FDA Grants Priority Review for New Use for Pfizer’s Xalkori

The US Food and Drug Administration has accepted and granted priority review for a supplemental new drug application (sNDA) for Xalkori (crizotinib) for the treatment of patients with metastatic non-small cell lung cancer (NSCLC) whose tumors are ROS1-positive. In April 2015, Xalkori received breakthrough therapy designation by the FDA for this potential indication. If approved, Xalkori would be the first FDA-approved biomarker-driven therapy for the treatment of ROS1-positive metastatic NSCLC, according to Pfizer. Xalkori is currently indicated for patients with metastatic NSCLC whose tumors are anaplastic lymphoma kinase (ALK)-positive as detected by an FDA-approved test. The projected FDA action date is April 2016.

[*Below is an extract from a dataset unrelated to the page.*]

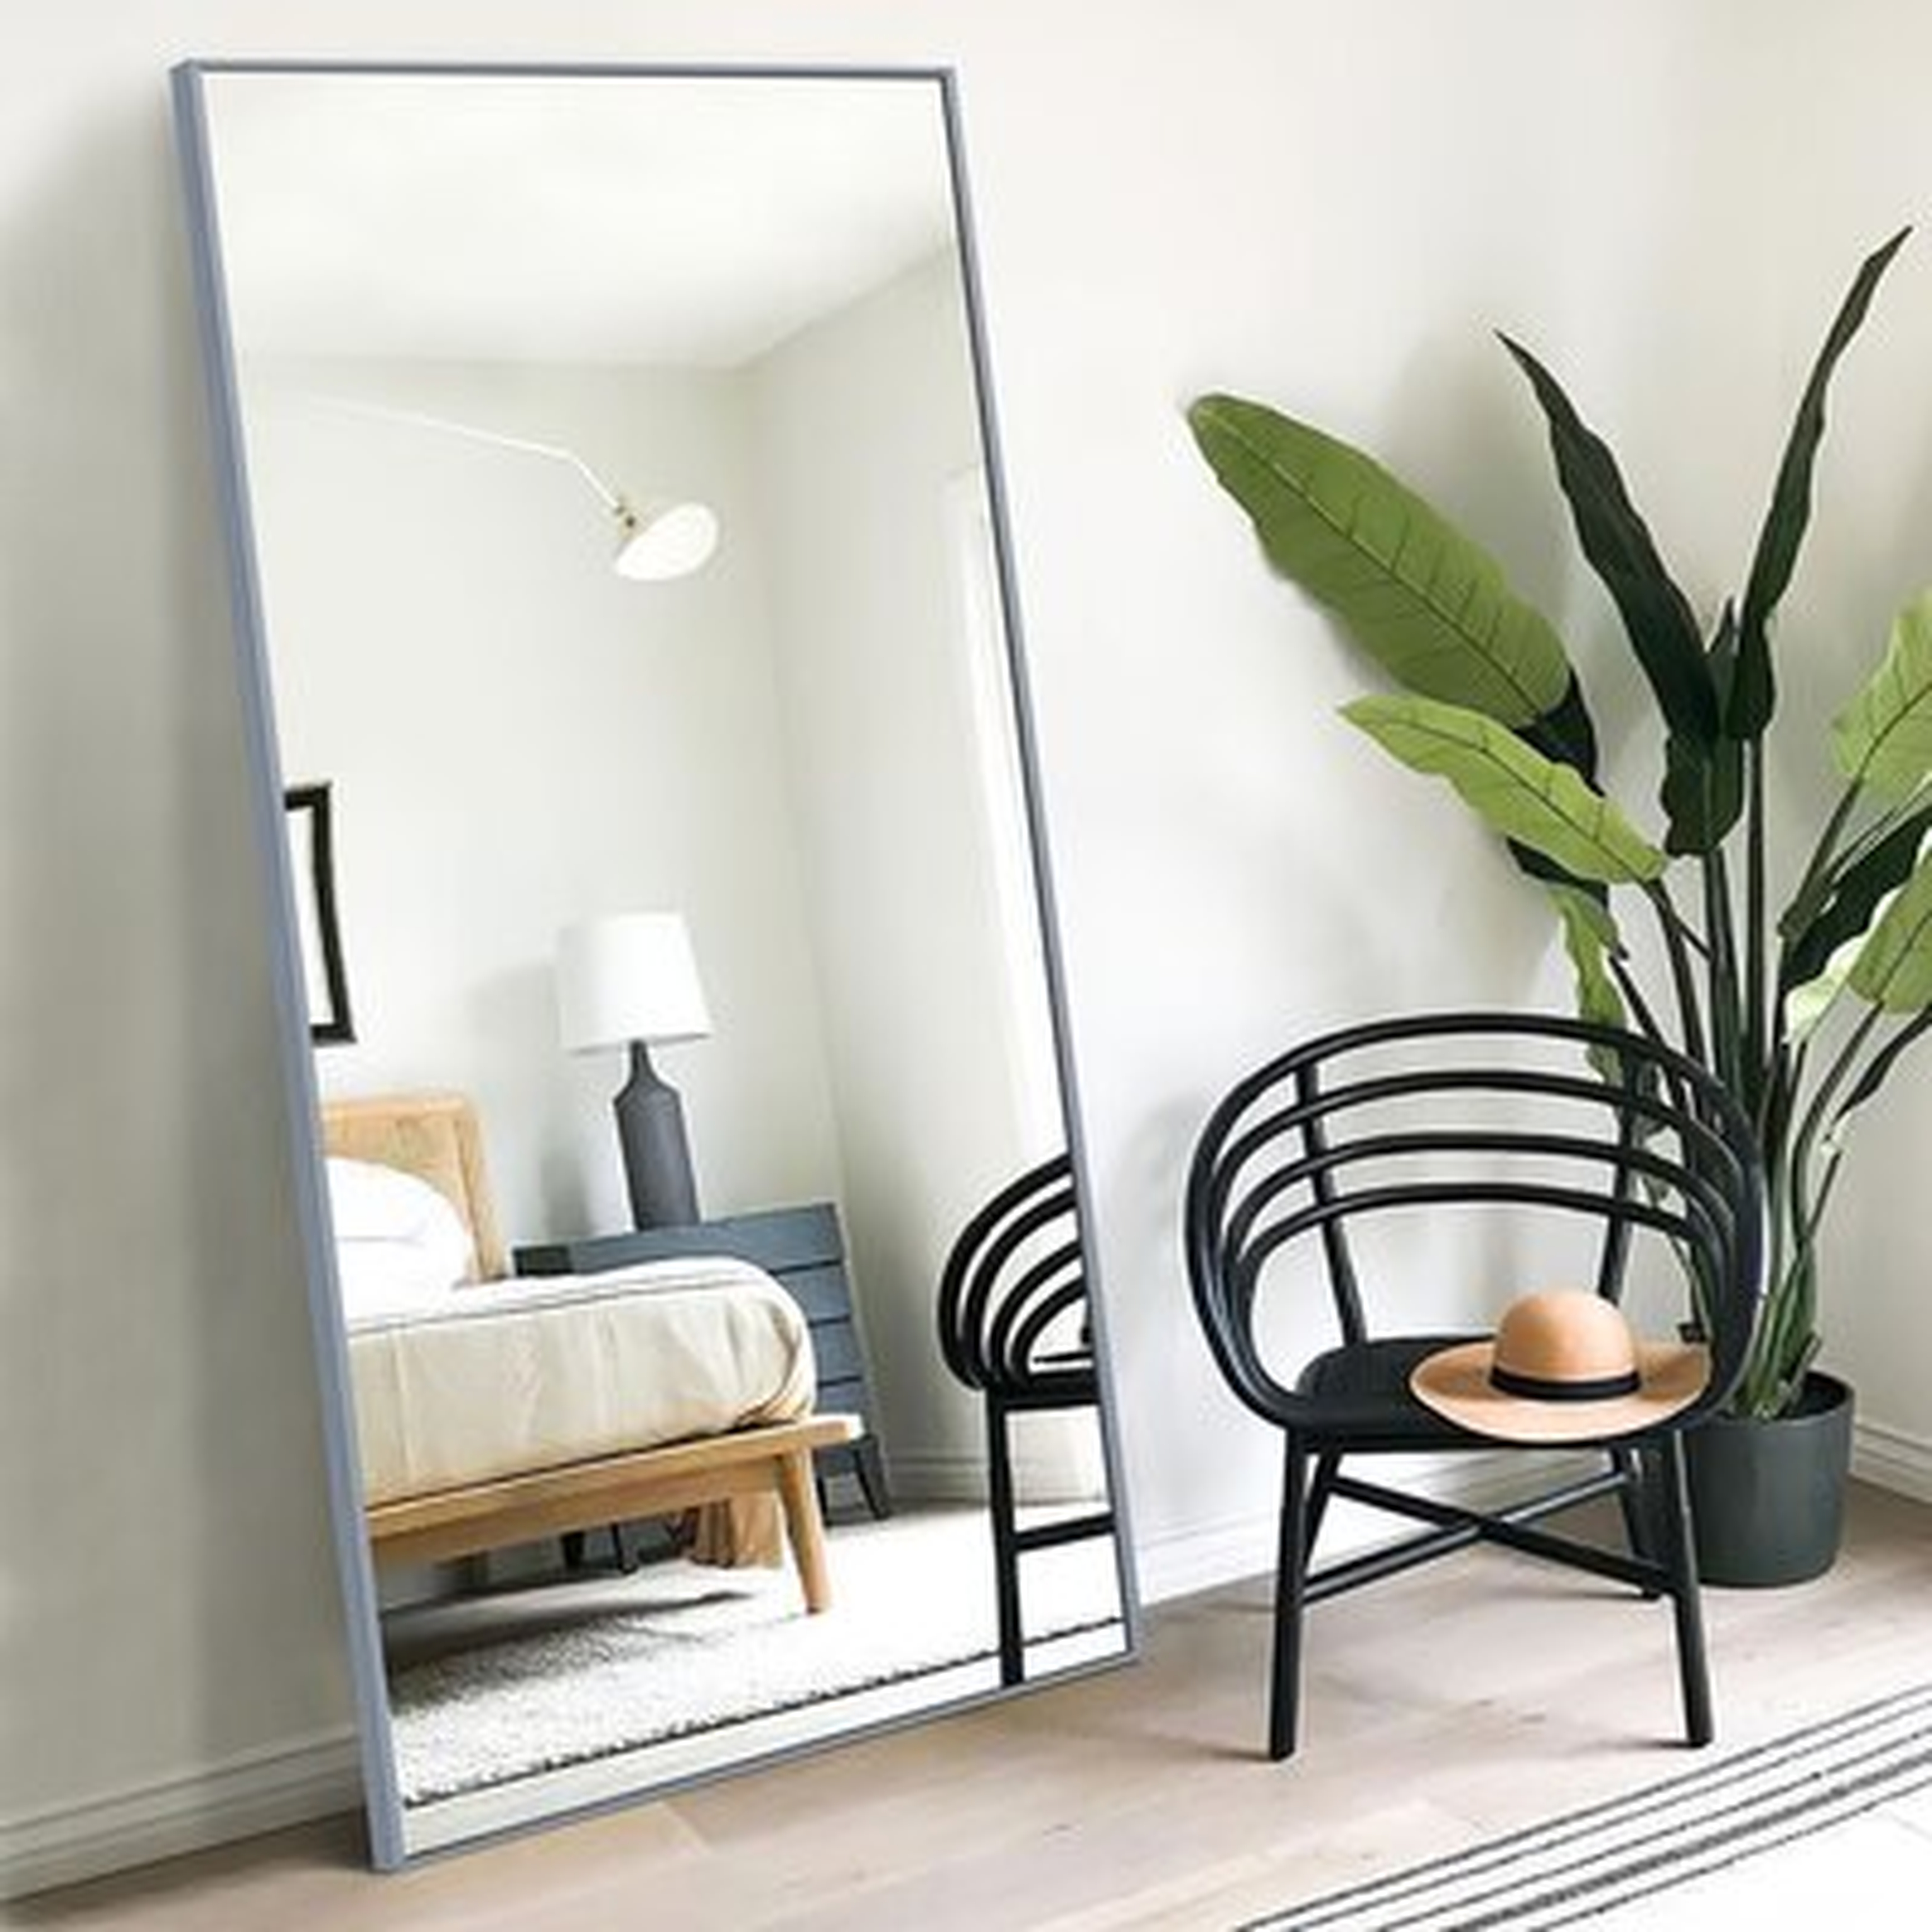 Framed Full Length Mirror - Wayfair

Priority review status accelerates FDA review time from 10 months to a goal of six months from the day of acceptance of filing and is given to drugs that may offer major advances in treatment or may provide a treatment for which no adequate therapy existing therapies.

ROS1 rearrangement occurs when the ROS1 gene attaches to another gene and changes the way each gene normally functions, which can contribute to cancer-cell growth. Epidemiology data suggest that ROS1 rearrangements occur in approximately one percent of NSCLC cases. Of the estimated 1.5 million new cases of NSCLC worldwide each year, roughly 15,000 may be driven by oncogenic ROS1 fusion, according to information from the company.